First Things: “The Impossibility Of “Alt-Right Christianity””

Writing in First Things, Connor Grubaugh writes on “The Impossibility Of “Alt-Right Christianity””, which is largely a response to Hunter Wallace’s articulation of a race realist Christianity.

[T]hose who ascribe the achievements of Western culture to race rather than providence have chosen Faust over Christ.

Wallace declares that “race realism”—the unifying confession of the alt-right movement—is compatible with Christianity rightly understood… Only liberalized “modern Christianity” is “inherently incompatible with White identity.” The problem with American society, Wallace opines, is that Jews have “dethroned [Christianity] as the dominant culture” through “the universities and the mass media,” which they “hijacked” some time in “the early twentieth century.”…

In Wallace’s view, Christianity always follows the dominant culture. The mainline American churches once accepted slavery and segregation, but now they denounce them. They once rejected abortion, divorce, and homosexuality, but now they accept them.
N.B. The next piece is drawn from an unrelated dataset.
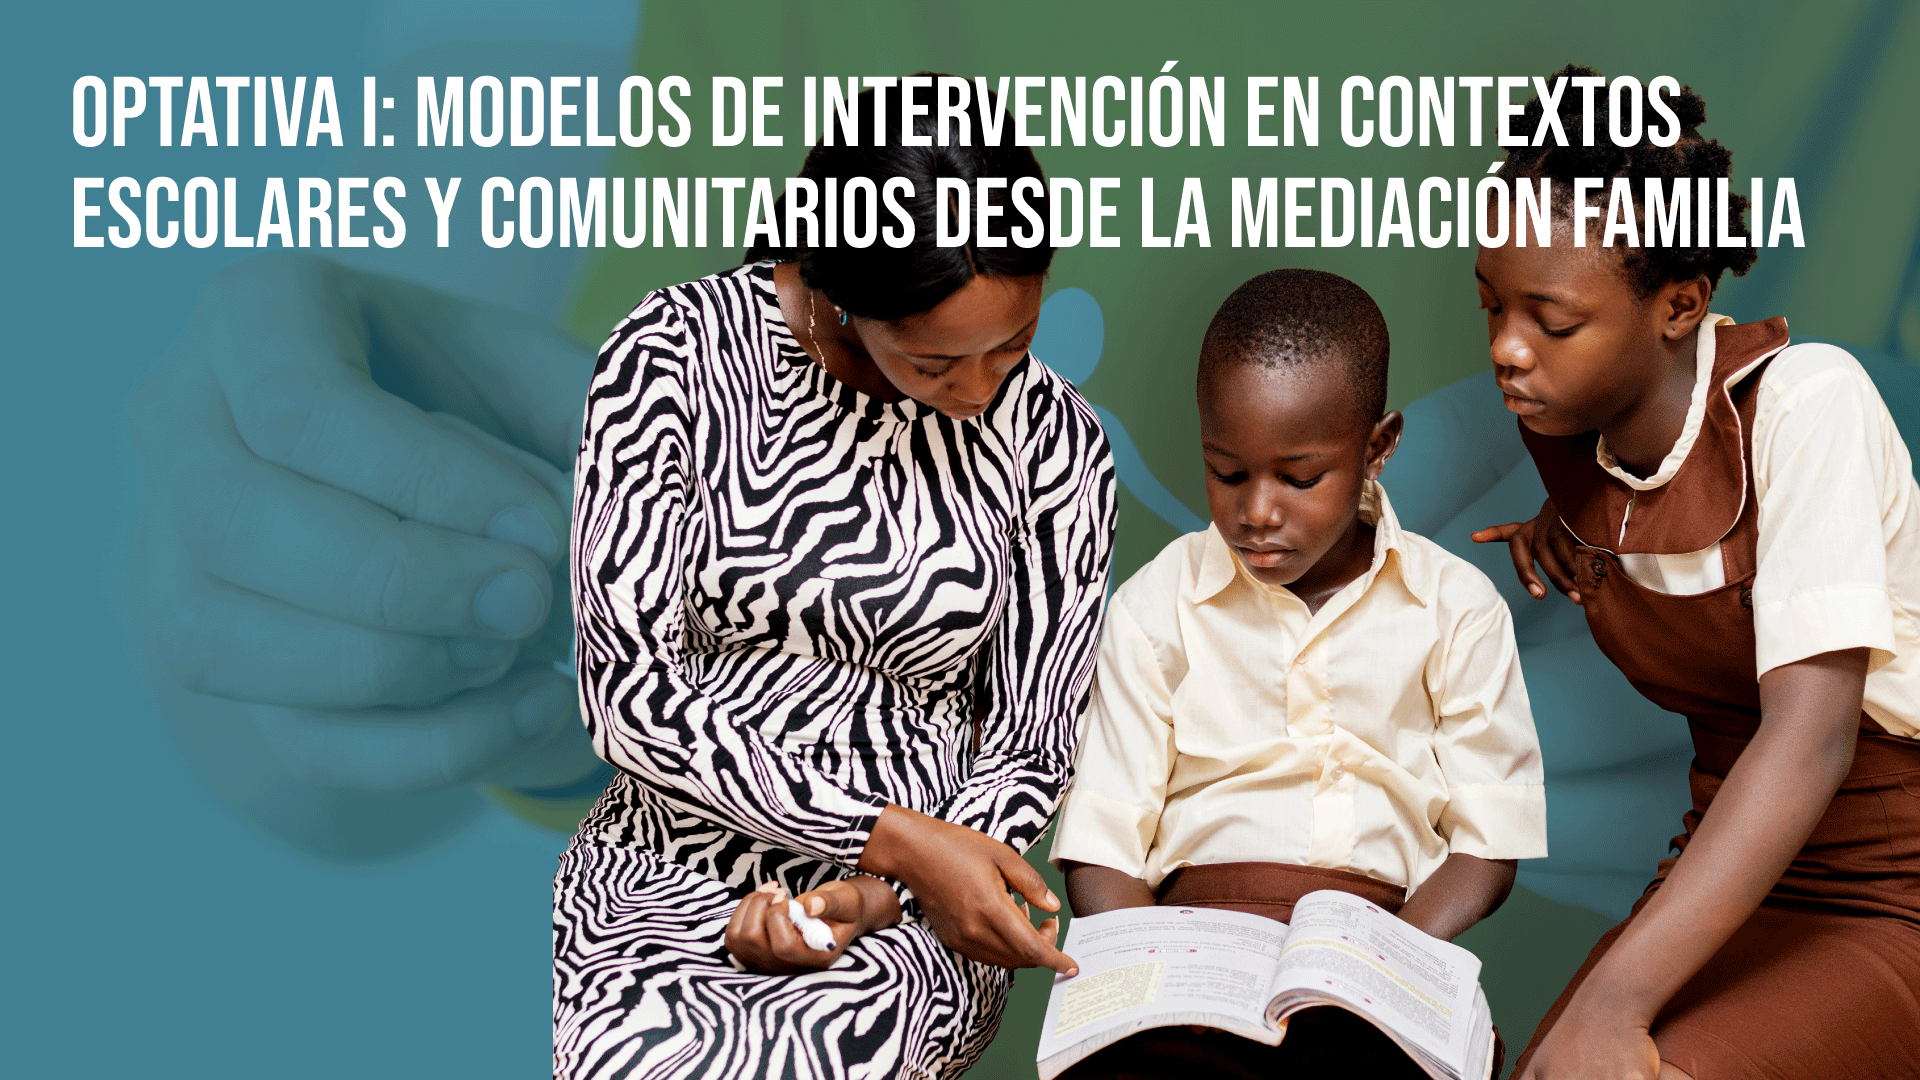 Optativa I: Modelos de Intervención en Contextos Escolares y Comunitarios desde la Mediación Familiar

Wallace’s conclusion: “The churches accommodate and echo whatever is the political mainstream.” For the moment, they “are conforming to political correctness in condemning the Alt-Right as uniquely evil,” but in the long run, “the Alt-Right shouldn’t get hung up on being anti-Christian because Christianity is infinitely malleable.”

To Wallace’s quite lucid rationale, Grubaugh, in this brief piece, offers no convincing counterargument.